Thank you so much for uncovering this.
It's a missed optimization opportunity for sure; I find it hard to call it a bug (the code works, after all, and the missed optimization is only this impactful because this is a hot inner loop). The Rust compiler itself does not do any arithmetic optimizations, that's all LLVM. (But rustc can influence the optimization passes, so it's not completely off the hook.)
I think a minimal example of this could be interesting to both the Rust and the LLVM developers.
I quite like the way to communicate which methods you have tried, and what the running times of those respective ways are.

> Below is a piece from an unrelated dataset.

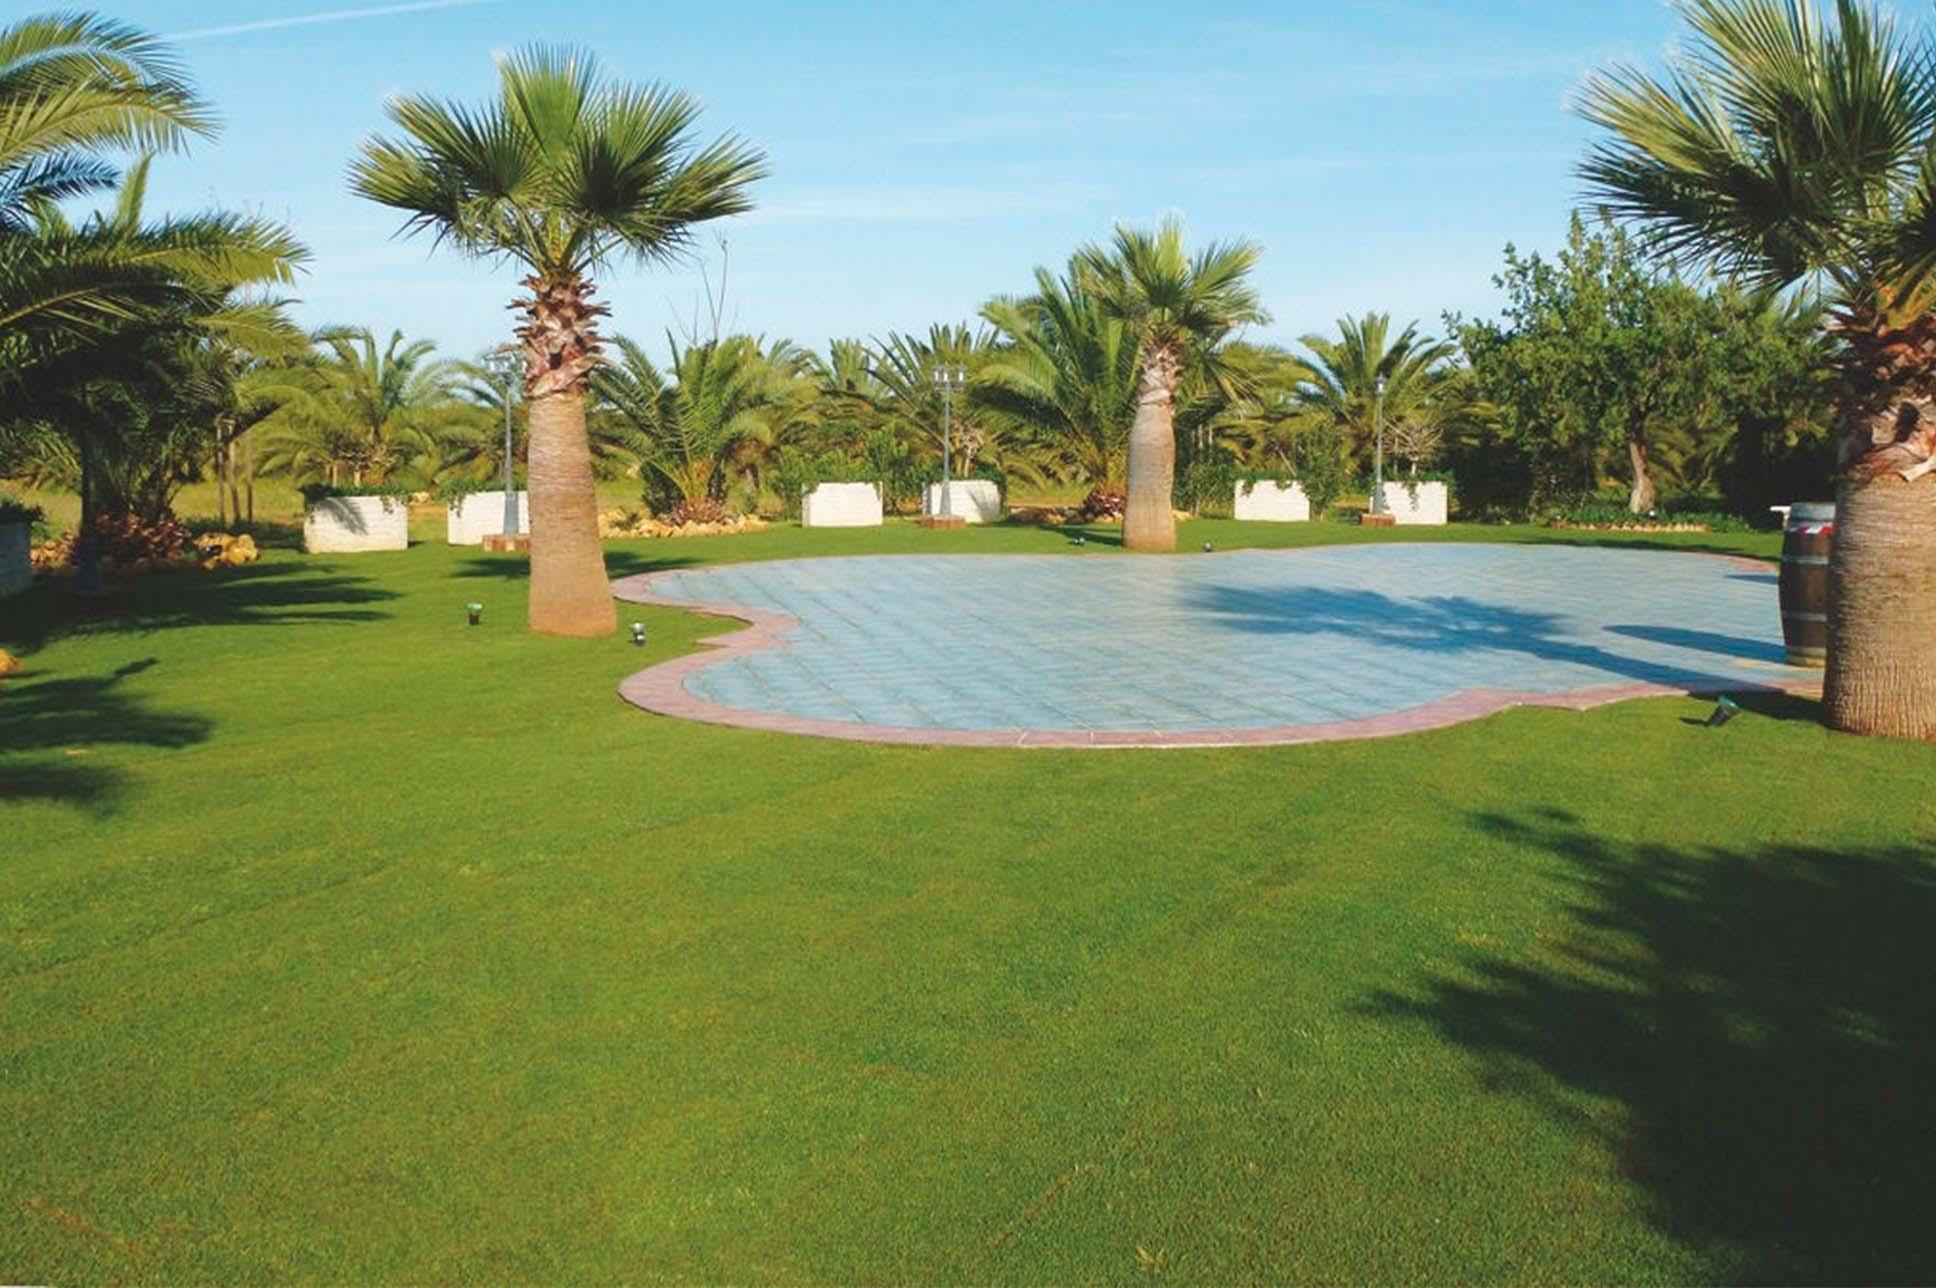 Jardín con pista de baile

Sword-Smith added a commit that referenced this pull request
- Avoids all branching (conditional jumps) in B field addition, see #70 - Makes the Rescue Prime round constants and matrices into const B field elements, as opposed to const u64 that had to go through `montyred` at runtime. Co-authored-by: Ferdinand Sauer <ferdinand@neptune.cash> Co-authored-by: Bertram Felgenhauer <int-e@gmx.de>
Some snippets to perform this analysis. Full credit goes to @int-e
# Look at the latest release build. You might want to run `cargo clean` followed by a benchmark for these files to be present. > find target -name twenty_first\* target/release/deps/twenty_first-60caca2773f2357d.d target/release/deps/twenty_first-60caca2773f2357d target/release/deps/twenty_first-242087d812946d75.d # Find the relevant function from the assembly/llvm > nm target/release/deps/twenty_first-60caca2773f2357d | grep xlix 00000000000b9050 t _ZN12twenty_first11shared_math20rescue_prime_regular18RescuePrimeRegular10xlix_round17he700661c81f8c263E.llvm.5740233521524750972 # inspect the object file (compiler output) with `objdump` and attempt to look for expensive instructions like `jb`. > objdump --disassemble=_ZN12twenty_first11shared_math20rescue_prime_regular18RescuePrimeRegular10xlix_round17he700661c81f8c263E.llvm.5740233521524750972 target/release/deps/twenty_first-60caca2773f2357d [about 4000 lines of disassembly for twenty_first::shared_math::escue_prime_regular::RescuePrimeRegular::xlix_round()
http://paste.debian.net/plain/1265025
For isolated examples you can use
rustc -O --emit=asm --crate-type=lib <filename>
The latter command will not work if there are external dependencies. It will output a *.s file that will contain the produced assembly.